Performing manual failovers

You can trigger a failover manually using the Temporal Cloud Web UI or the tcld CLI, depending on your preference and setup. The following table outlines the steps for each method:

Need to update the CLI instructions
MethodInstructions
Temporal Cloud Web UI1. Visit the Namespace page on the Temporal Cloud Web UI.
2. Navigate to your Namespace details page and select the Trigger a failover option from the menu.
3. After confirmation, Temporal initiates the failover.
Temporal tcld CLITo manually trigger a failover, run the following command in your terminal:
tcld namespace failover \
    --namespace <namespace_id>.<account_id> \
    --region <target_region>
Temporal fails over the Namespace to the target region. High availability Namespaces using a single region will failover to the standby isolation domain.

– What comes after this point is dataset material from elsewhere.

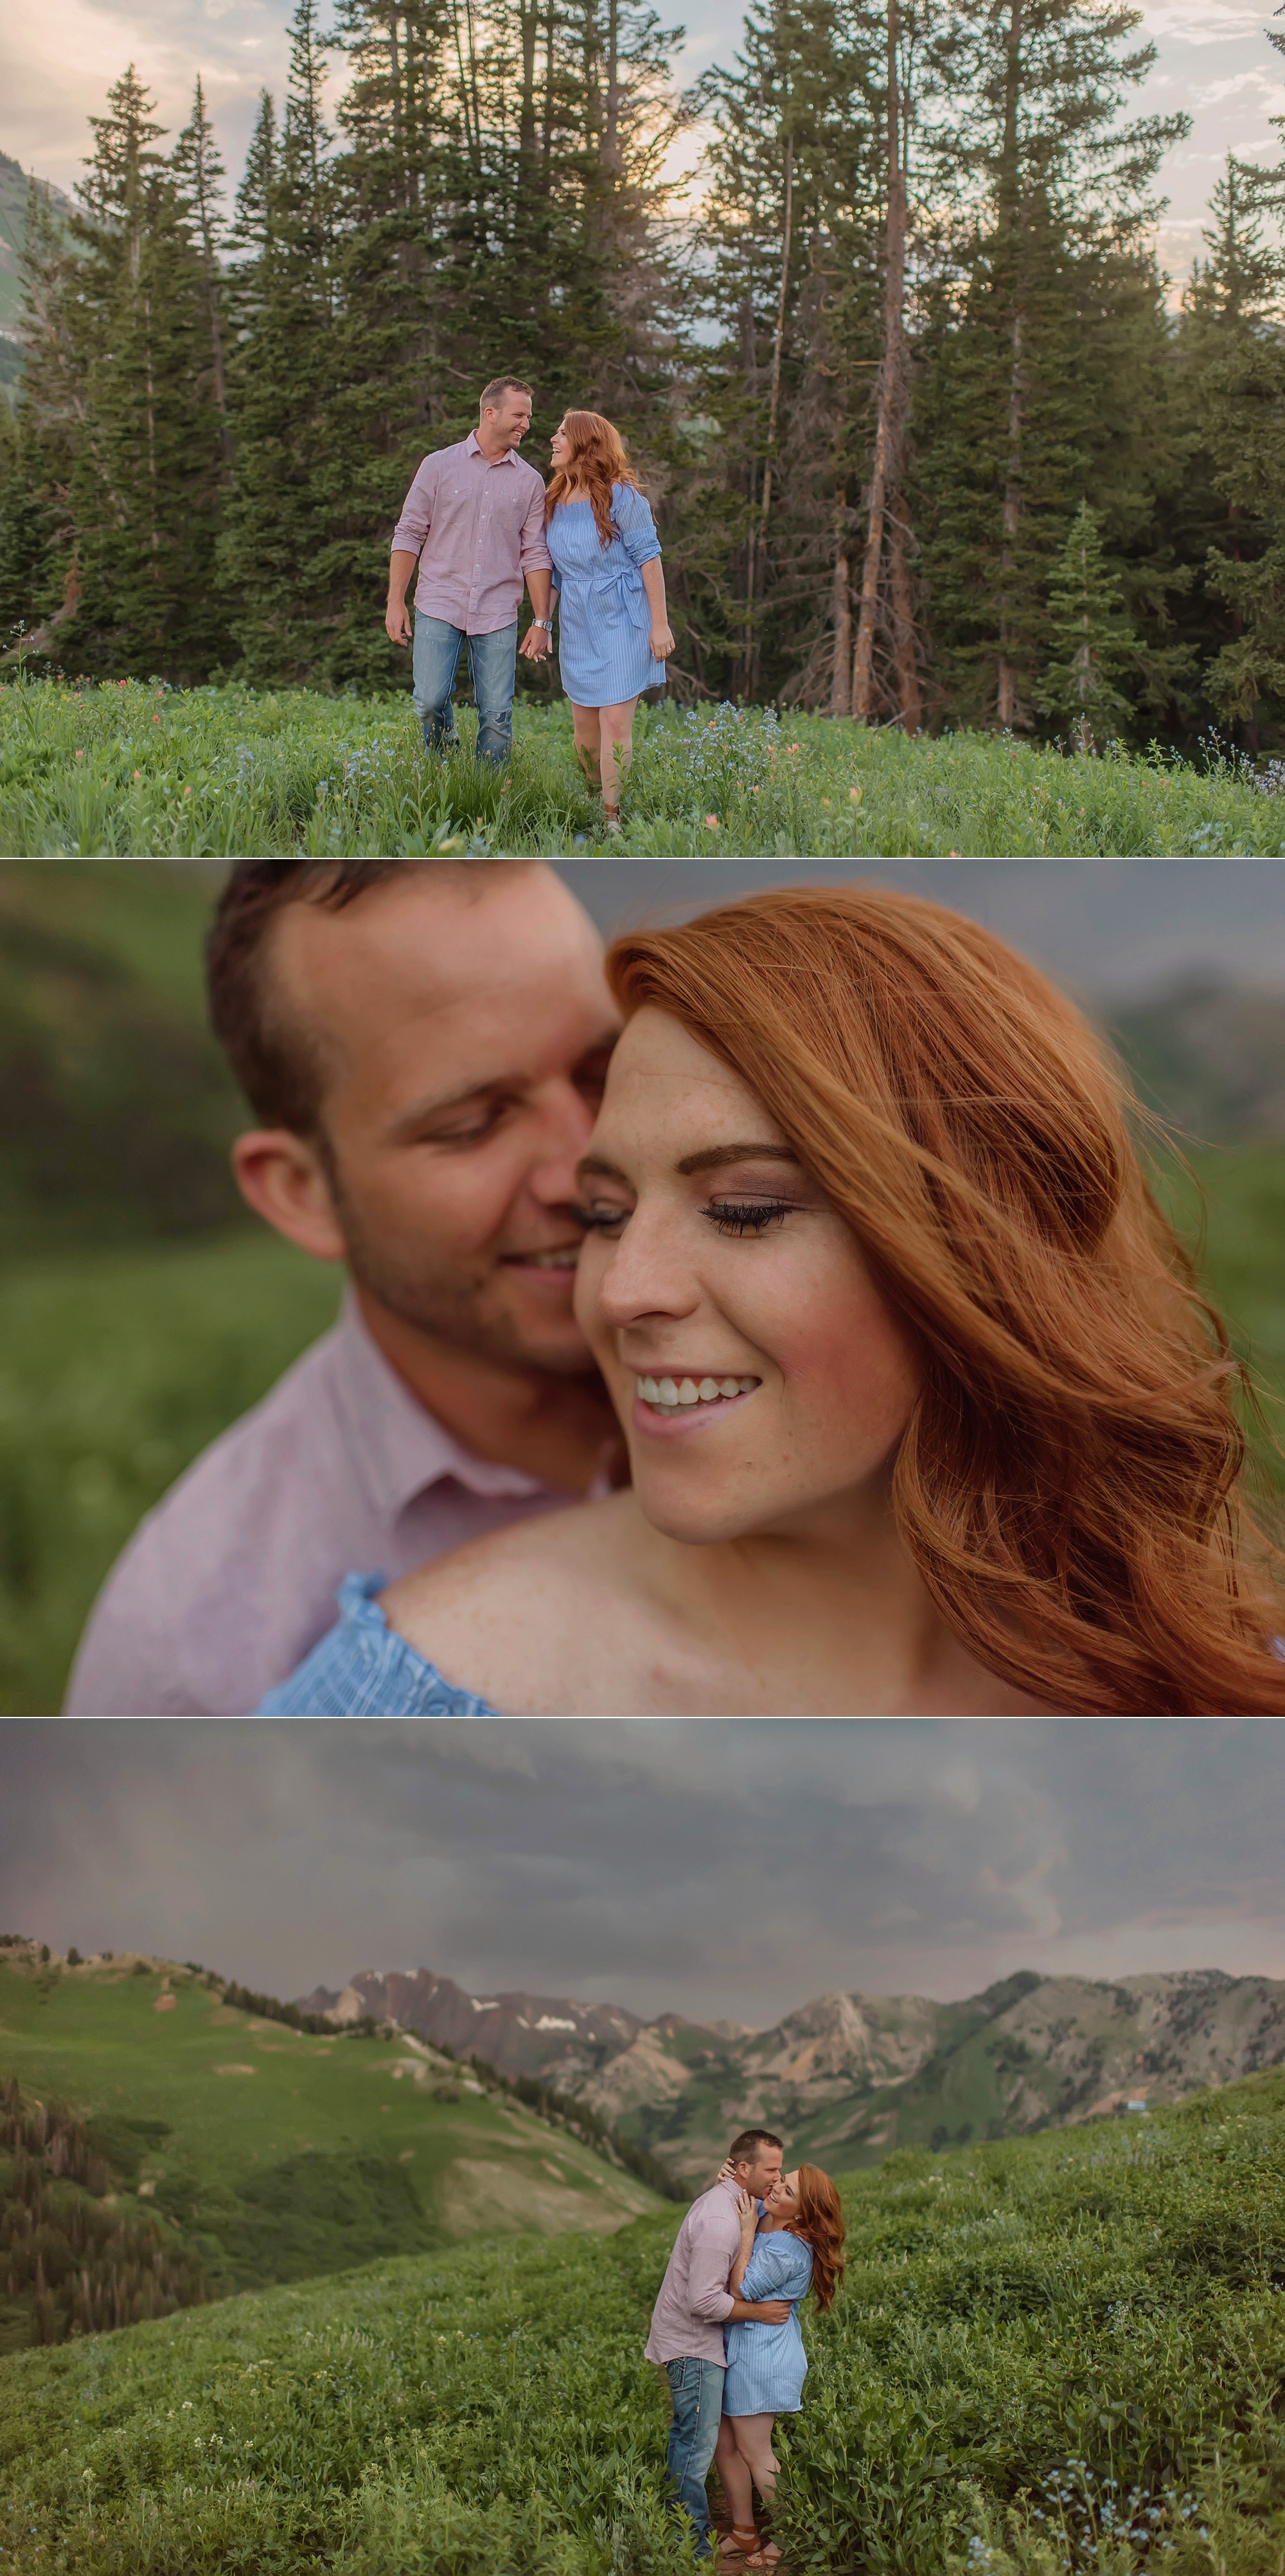 Brody and Sydnie engagements – Albion Basin

Disabling Temporal-initiated failovers

When you add a replica to a Namespace, in the event of an incident or an outage Temporal Cloud automatically fails over the Namespace to its replica. This is the recommended and default option.

However if you prefer to disable Temporal-initiated failovers and handle your own failovers, you can do so by navigating to the Namespace detail page in Temporal Cloud. Choose the "Disable Temporal-initiated failovers" option.

If you prefer to disable Temporal-initiated failovers and handle your own failovers, you can do so by navigating to the Namespace detail page in Temporal Cloud. Choose the "Disable Temporal-initiated failovers" option.

Post-failover event information

After any failover, whether triggered by you or by Temporal, event information appears in both the Temporal Cloud Web UI (on the Namespace detail page) and in your audit logs. The audit log entry for Failover uses the "operation": "FailoverNamespace" event. After failover, the replica becomes active, taking over and the Namespace is active in the new isolation domain or region.

You don't need to monitor Temporal Cloud's failover response in real-time. Whenever there is a failover event, users with the Account Owner and Global Admin roles automatically receive an alert email.

Failbacks

After Temporal-initiated failovers, Temporal Cloud shifts Workflow Execution processing back to the original region or isolation zone that was active before the incident once the incident is resolved. This is called a "failback".

Failover testing

Microservices and external dependencies will fail at some point. Testing failovers ensures your app can handle these failures effectively. Temporal recommends regular and periodic failover testing for mission-critical applications in production. By testing in non-emergency conditions, you verify that your app continues to function even when parts of the infrastructure fail.

Dive deeper — Why test?    [Toggle to Open]

Regular failover testing ensures your app can handle disruptions and continue running smoothly in production.

Microservices and external dependencies will fail at some point. Testing failovers ensures your app can handle these failures effectively.

Temporal recommends regular and periodic failover testing for mission-critical applications in production. By testing in non-emergency conditions, you verify that your app continues to function even when parts of the infrastructure fail.

Safety First

If this is your first time performing a failover test, run it with a test-specific namespace and application. This helps you gain operational experience before applying it to your production environment. Practice runs help ensure the process runs smoothly during real incidents in production.

Trigger testing can:

  • Validate replicated deployments: In multi-region setups, failover testing ensures your app can run from another region when the primary region experiences outages. In single-region setups, failover testing instead works with isolation domain. This maintains high availability in mission-critical deployments. Manual testing confirms the failover mechanism works as expected, so your system handles incidents effectively.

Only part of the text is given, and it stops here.